Quantitative analysis of polycomb response elements (PREs) at identical genomic locations distinguishes contributions of PRE sequence and genomic environment
1 IMBA, Institute of Molecular Biotechnology GmBH, Dr. Bohr-Gasse 3, 1030 Vienna, Austria
2 Roche Austria GmBH, Clinical Operations, Engelhorngasse 3, 1211 Vienna, Austria
3 Department of Neurobiology, Stanford University, Stanford, CA 94305, USA
Epigenetics & Chromatin 2011, 4:4 doi:10.1186/1756-8935-4-4Published: 16 March 2011
Polycomb/Trithorax response elements (PREs) are cis-regulatory elements essential for the regulation of several hundred developmentally important genes. However, the precise sequence requirements for PRE function are not fully understood, and it is also unclear whether these elements all function in a similar manner. Drosophila PRE reporter assays typically rely on random integration by P-element insertion, but PREs are extremely sensitive to genomic position.

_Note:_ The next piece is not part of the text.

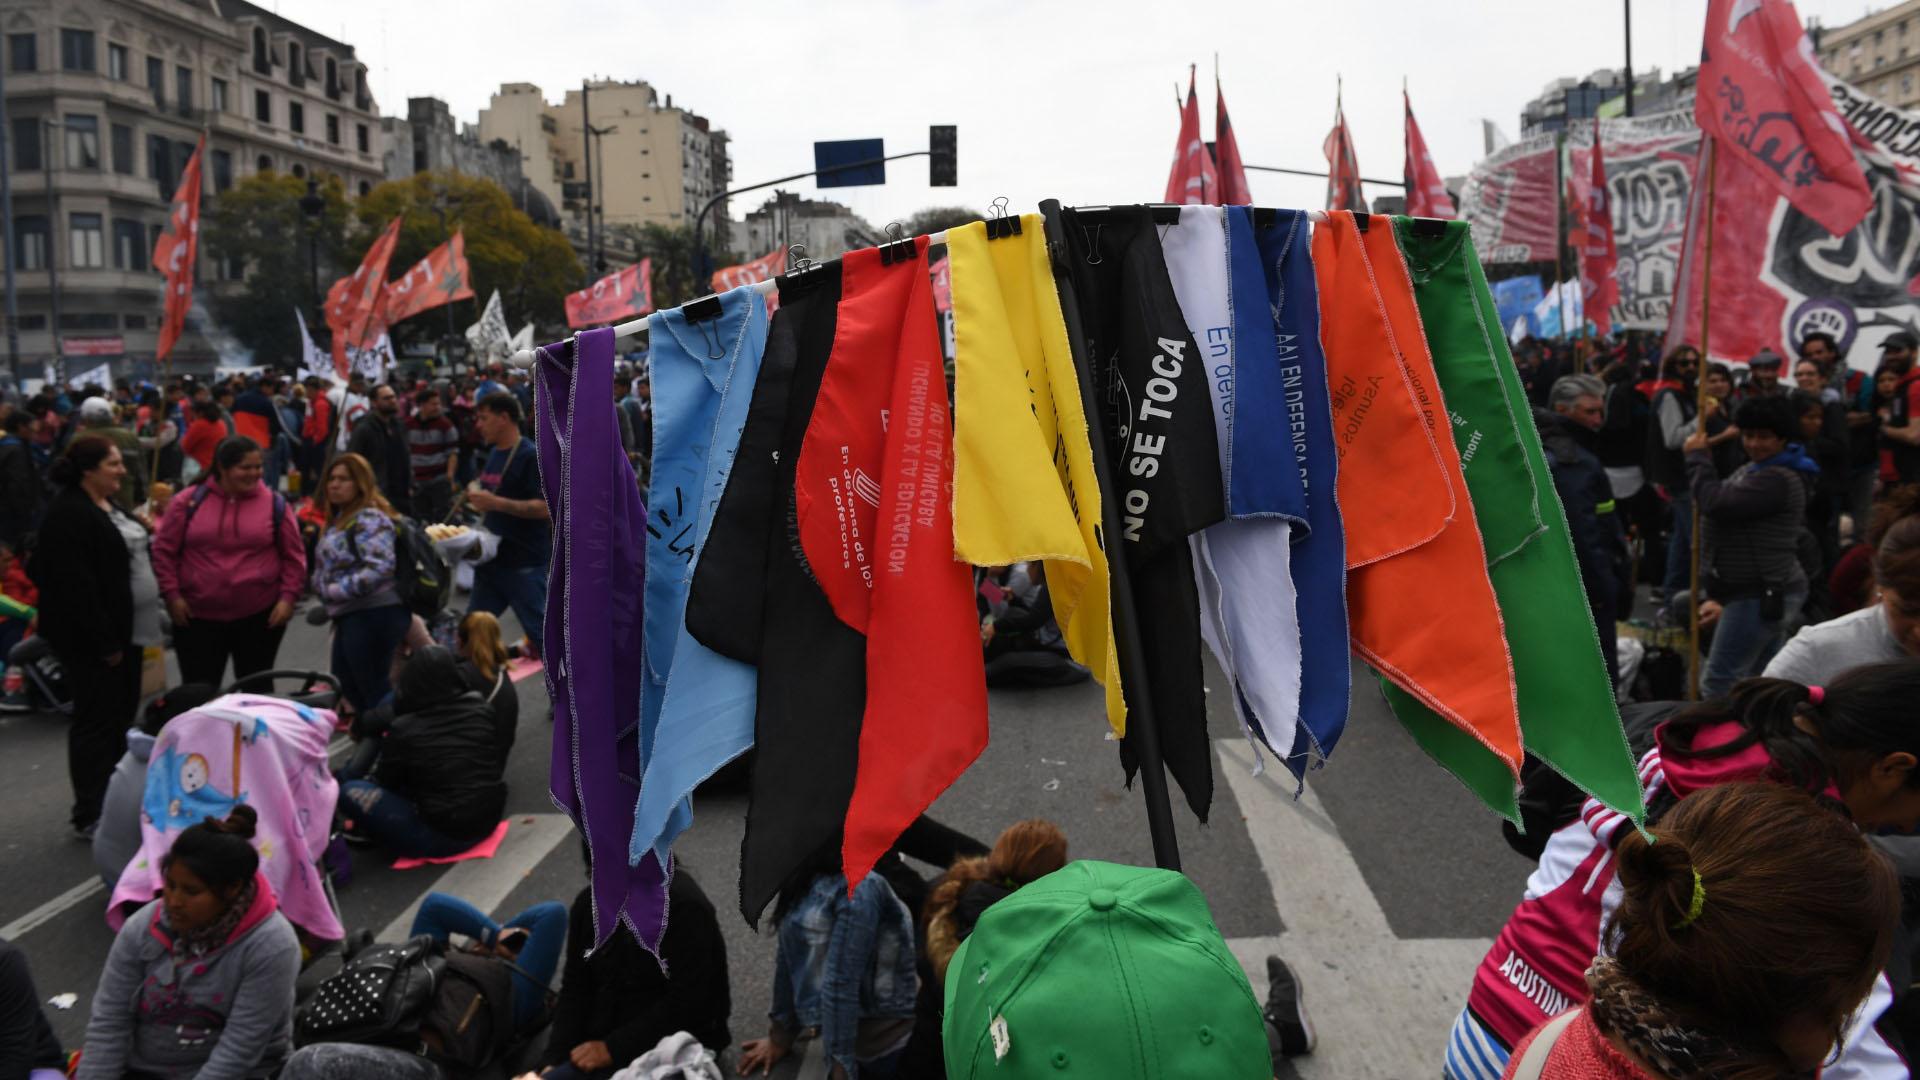 Los pañuelos con diferentes consignas y colores también fueron parte de la marcha

We adapted the ΦC31 site-specific integration tool to enable systematic quantitative comparison of PREs and sequence variants at identical genomic locations. In this adaptation, a miniwhite (mw) reporter in combination with eye-pigment analysis gives a quantitative readout of PRE function. We compared the Hox PRE Frontabdominal-7 (Fab-7) with a PRE from the vestigial (vg) gene at four landing sites. The analysis revealed that the Fab-7 and vg PREs have fundamentally different properties, both in terms of their interaction with the genomic environment at each site and their inherent silencing abilities. Furthermore, we used the ΦC31 tool to examine the effect of deletions and mutations in the vg PRE, identifying a 106 bp region containing a previously predicted motif (GTGT) that is essential for silencing.
This analysis showed that different PREs have quantifiably different properties, and that changes in as few as four base pairs have profound effects on PRE function, thus illustrating the power and sensitivity of ΦC31 site-specific integration as a tool for the rapid and quantitative dissection of elements of PRE design.